May 5, 2026 · 5 min read

Elias Munk
Elias Munk· 14 years acting

Your agent forwards the breakdown. It's a vertical drama, the kind that lives on TikTok or ReelShort or one of the ten apps that have copied them. Casting wants the selftape shot vertical. You've shot landscape for ten years and now you're staring at your tripod wondering if you just flip the phone and that's the whole adjustment.

It is, mostly. Not entirely. The vertical selftape has its own framing rules, its own teleprompter problem, its own way of looking amateur if you treat it like a portrait photo. This is what changed when blablabla 2.0.2 added vertical recording on May 5, and what to actually shoot when casting asks for it.

Why selftapes went vertical

Until a couple of years ago, "shoot vertical" was a quirk. Now it's a category.
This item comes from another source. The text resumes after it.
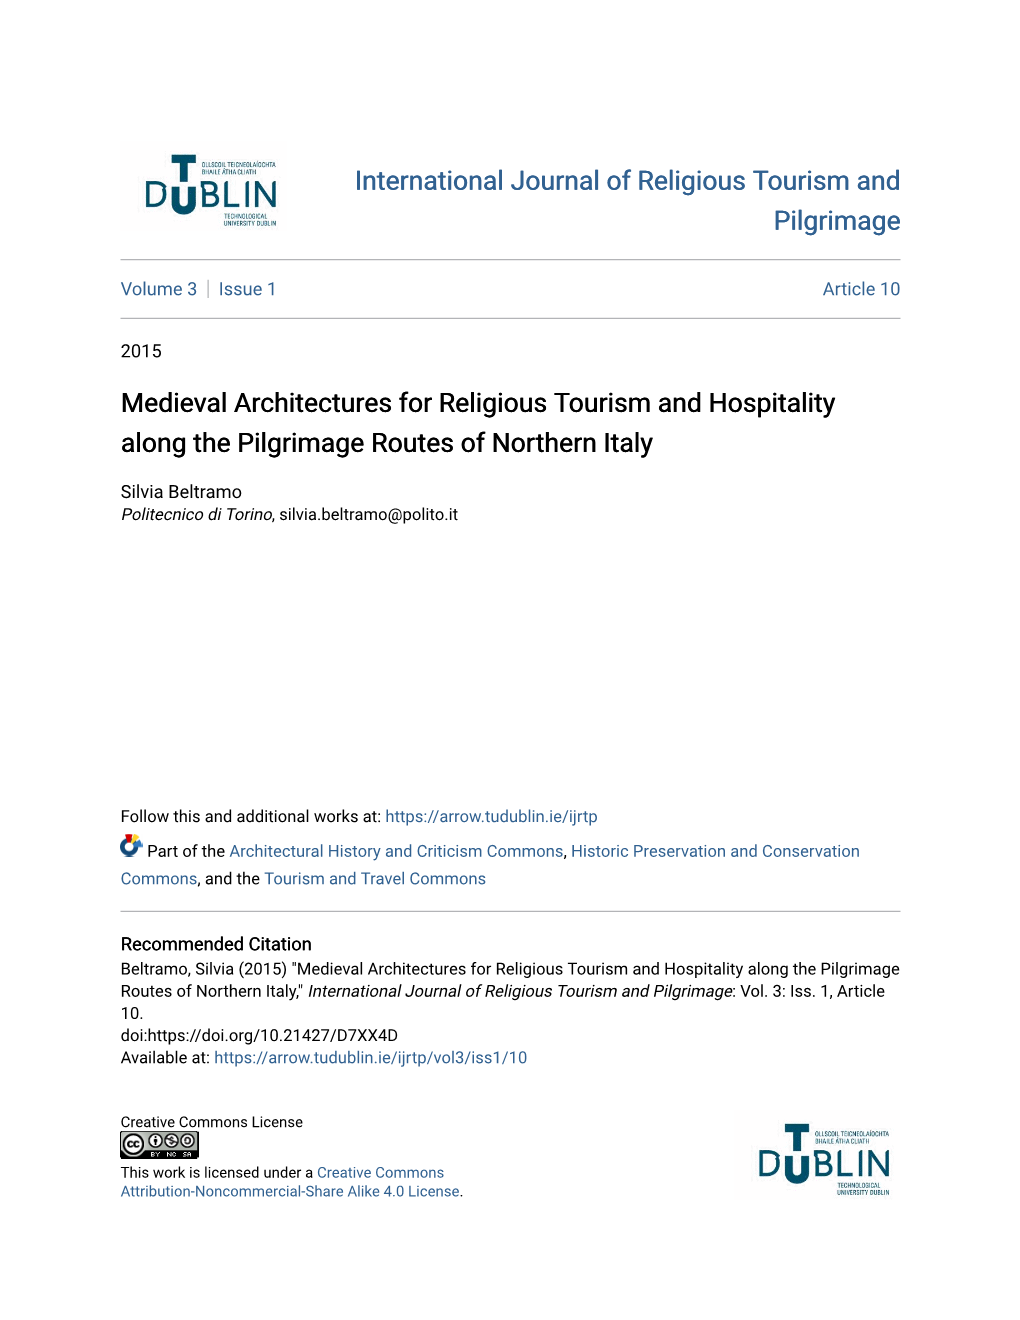 Medieval Architectures for Religious Tourism and Hospitality Along the Pilgrimage Routes of Northern Italy
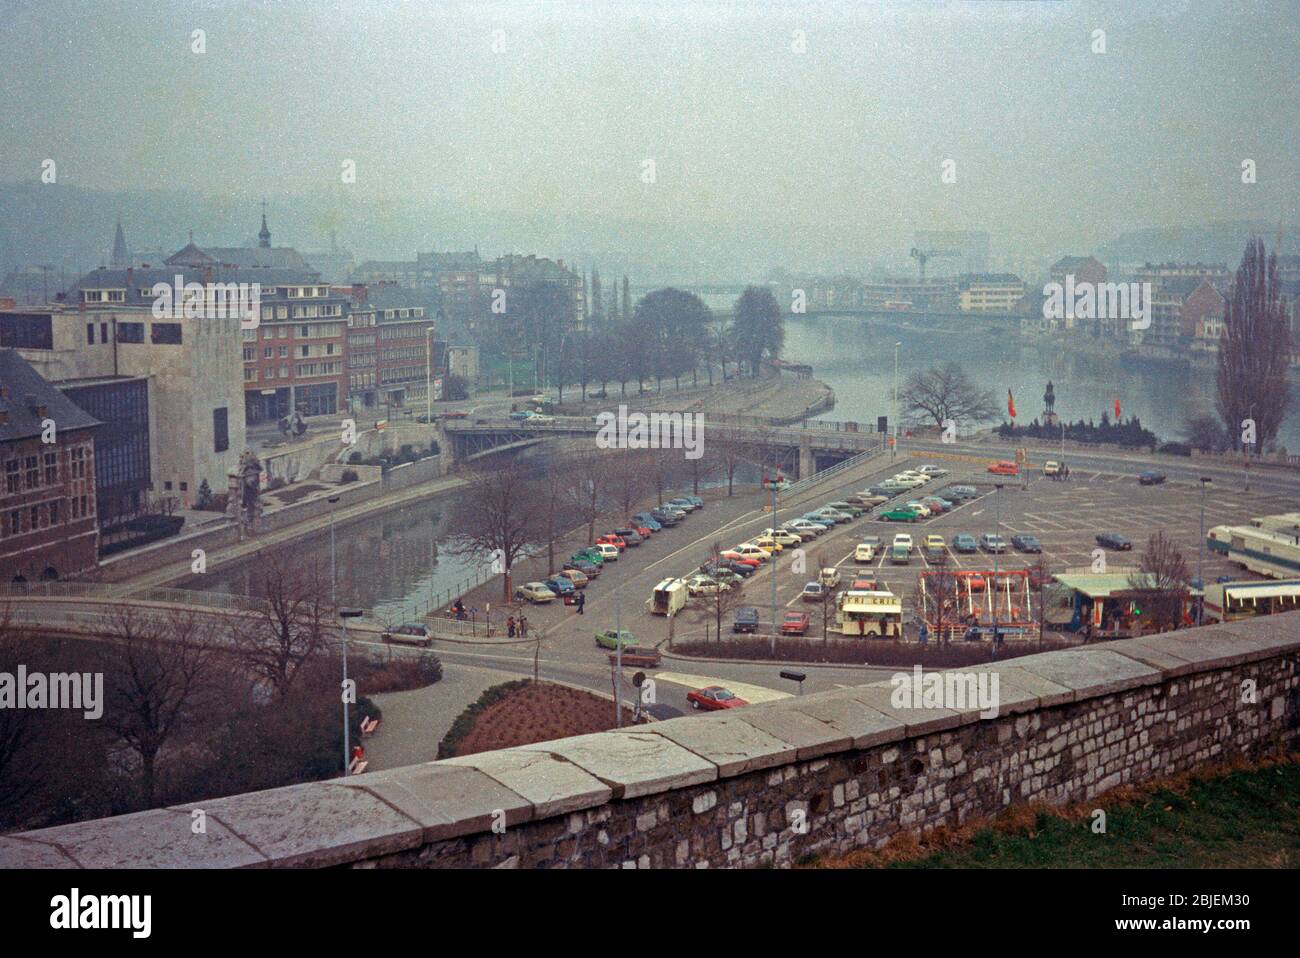 Le Grognon, historic town centre at the junction of the Rivers Meuse and Sambre, March 23, 1980, Namur, Wallonia, Belgium Stock Photo

ReelShort, DramaBox, GoodShort, ShortMax, and a handful of competitors built a multi-billion-dollar viewership for short-form vertical scripted drama. Sixty to ninety seconds per episode. A full season runs sixty to ninety episodes. Most of it shoots vertical because most of it plays on a phone, held vertical, in someone's pocket on the train.

TikTok is commissioning scripted content now, on its own account or through partner studios. Same with Instagram Reels for branded scripted spots. Brand creators run their own casting calls in vertical because the content lives vertical.

The audition pipeline for all of this is still settling. Some breakdowns explicitly state vertical only. Some don't say. Casting on these projects watches tape on the same phone the show airs on. A landscape selftape submitted there shows up letterboxed, tiny, your face about a quarter of the screen height. That alone is a pass for some casting departments. Not because they're being unfair. Because you didn't show you understood what you were auditioning for.

When to shoot vertical (and when to stay landscape)

The decision rule, short version.

If the breakdown specifies vertical, shoot vertical. Don't argue.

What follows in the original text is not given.